Every construction project has potential pitfalls. But when doing work on an HOA home, there are HOA-specific snags that can derail the project. Learn the top 3 pitfalls of HOA projects, and how to stop them before they start.
1. Off-hours noise
Most HOAs have rules about when it’s okay to make construction noise (think power tools and trucks). These hours are usually from 7 am to 7 pm Monday through Friday, and 9 am to 9 pm on weekends.
Why this rule? Because your HOA neighbors may need to put their kids to bed at a decent hour and enjoy a peaceful night’s sleep themselves. If your contractors are making noise outside of these hours, you could end up with angry neighbors and unwanted attention from your HOA. Your HOA might intervene in ways that slow down or stop your project. Or, you may wind up with a fine.
Avoid Noise Complaints
- Send your contractor the noise guidelines of your HOA.
- If you’re not living in the home at the time of construction, you might not realize that contractors are hammering and sawing away outside the approved hours. Give your neighbors your contact info, so they can let you know right away if workers are making a racket after dark.
2. Construction materials, vehicles and dumpsters that overstay their welcome
If you’re doing a massive renovation, it’s likely you’ll have a dumpster parked in your driveway at some point. There also might be contractor materials and equipment outside, and vendor trucks parked on the street. These are all expected aspects of a project, and it’s understandable that the site might be a bit of an eyesore for a while.

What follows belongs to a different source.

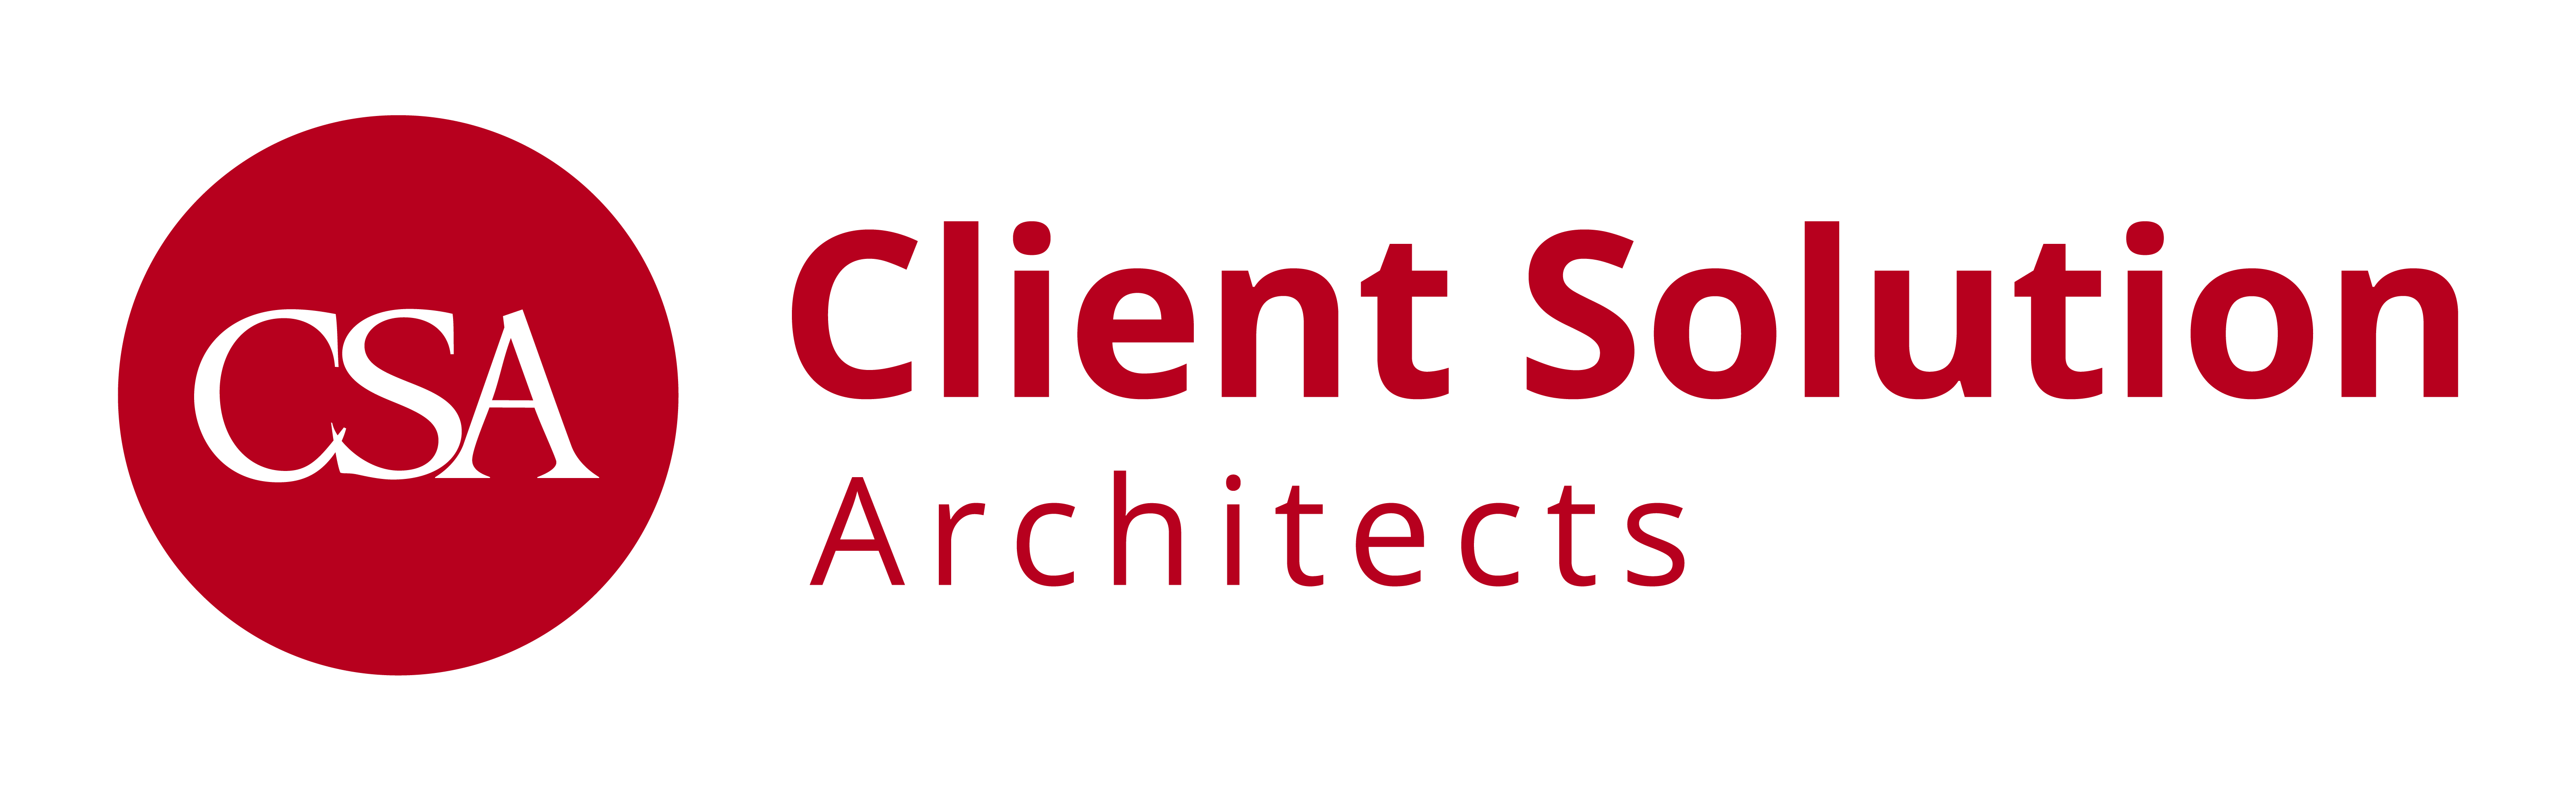 Client Solution Architects (CSA) logo

The problem is when trucks or dumpsters linger beyond the expected timeframe. Maybe it’s a dumpster that stays in the driveway for months. Or a worker’s truck that’s often parked on the street till 11 pm. Or untidy piles of materials on the lawn.
Neighbors may complain to the HOA about the breach of etiquette or violation of HOA rules. The HOA might intervene and force you to do something about the unsightly issue, and/or they could fine you. Once you’ve drawn the HOA’s attention, they can easily go from relatively hands-off to keeping a close eye on the rest of the project.
Don’t get caught with your garbage truck out.
- Check your HOA’s CC&Rs (covenants, conditions & restrictions) for rules about dumpsters, material storage and worker vehicles.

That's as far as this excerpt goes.